Attempted to read or write protected memory. This is often an indication that other memory is corrupt

I'm hoping someone can enlighten me as to what could possibly be causing this error:
Attempted to read or write protected memory. This is often an indication that other memory is corrupt.
I cannot really post code because this error seems to get thrown in any random area of the application. The application will run anywhere from 12-48 hours before throwing the error. Sometimes it will stop in a seemingly random spot and throw the above error, other times the entire application stops and I get a screen with an error that says something along the lines of "There was a fatal error in... This may be a bug in the CLR or..." something about PInvoke or other non relevant info. When this happens all threads show terminated and there is no debugging information available.
In a nutshell this is what the application does:
Its a multi-threaded server application written in entirely in C#. Clients connect to the server via socket. The server runs a virtual "environment" for the clients where they can interact with each other and the environment. It consumes quite a bit of memory but I do not see it leaking. It typically consumes about 1.5GB. I dont think its leaking because the memory usage stays relatively constant the entire time the application is running. Its constantly running code to maintain the environment even if the clients are not doing anything. It uses no 3rd party software or other APIs. The only outside resources this application uses is socket connections and SQL database connections. Its running on a 64bit server. I have tried debugging this in VS2008 & VS2010 using .net 2.0, 3.5, and 4.0 and on multiple servers and the problem still eventually occurs.

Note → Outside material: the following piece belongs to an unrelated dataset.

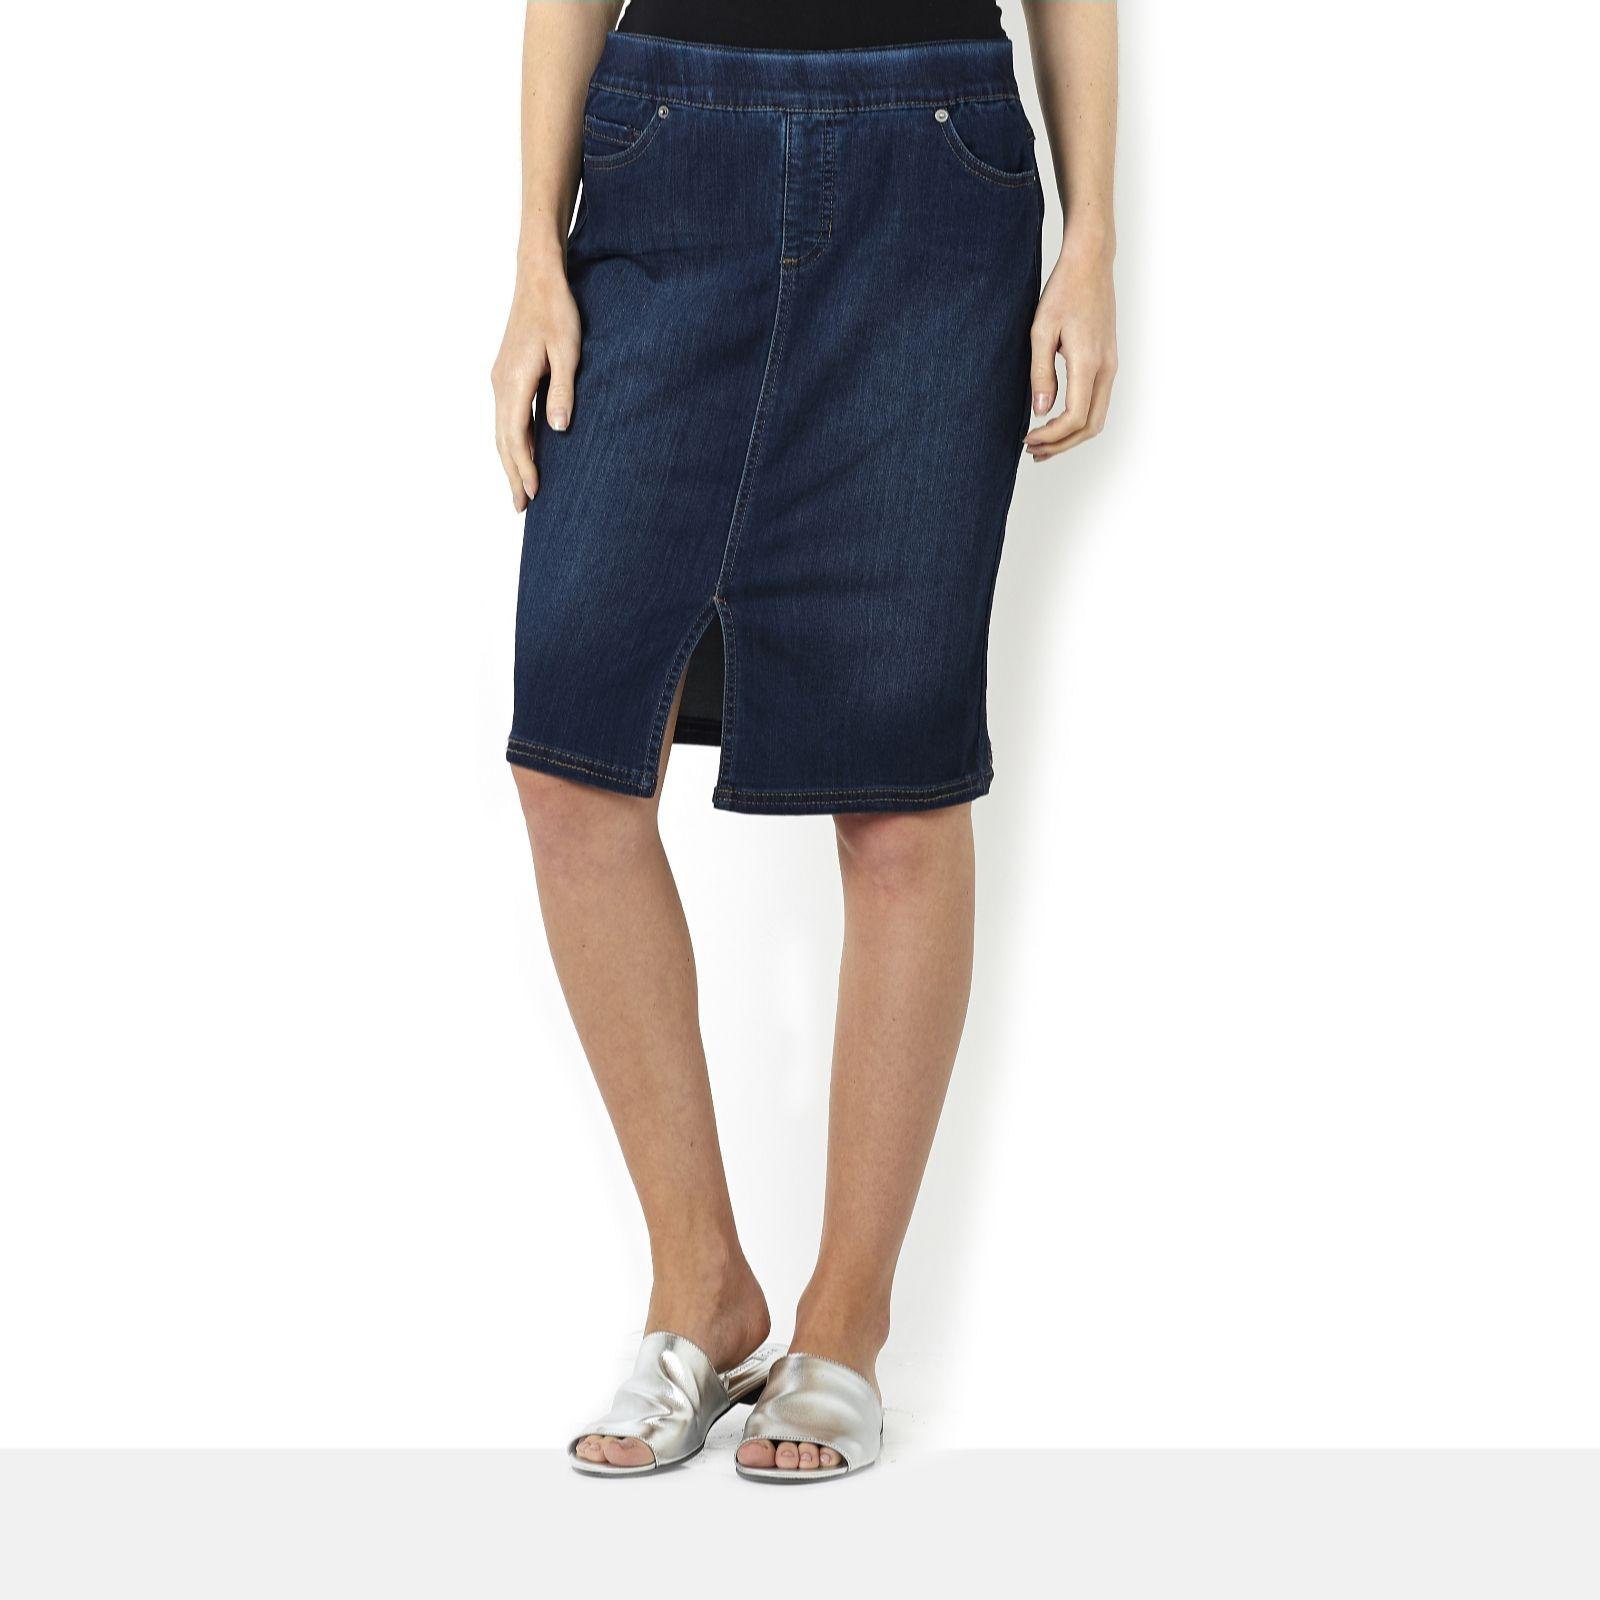 Skirts - QVC UK

I've tried turning off compiler optimizations and several microsoft hot-fixes. Nothing seems to make this issue go away. It would be appreciated if anyone knows any possible causes, or some kind of way to identify whats causing the problem.
I have just faced this issue in VS 2013 .NET 4.5 with a MapInfo DLL. Turns out, the problem was that I changed the Platform for Build from x86 to Any CPU and that was enough to trigger this error. Changing it back to x86 did the trick. Might help someone.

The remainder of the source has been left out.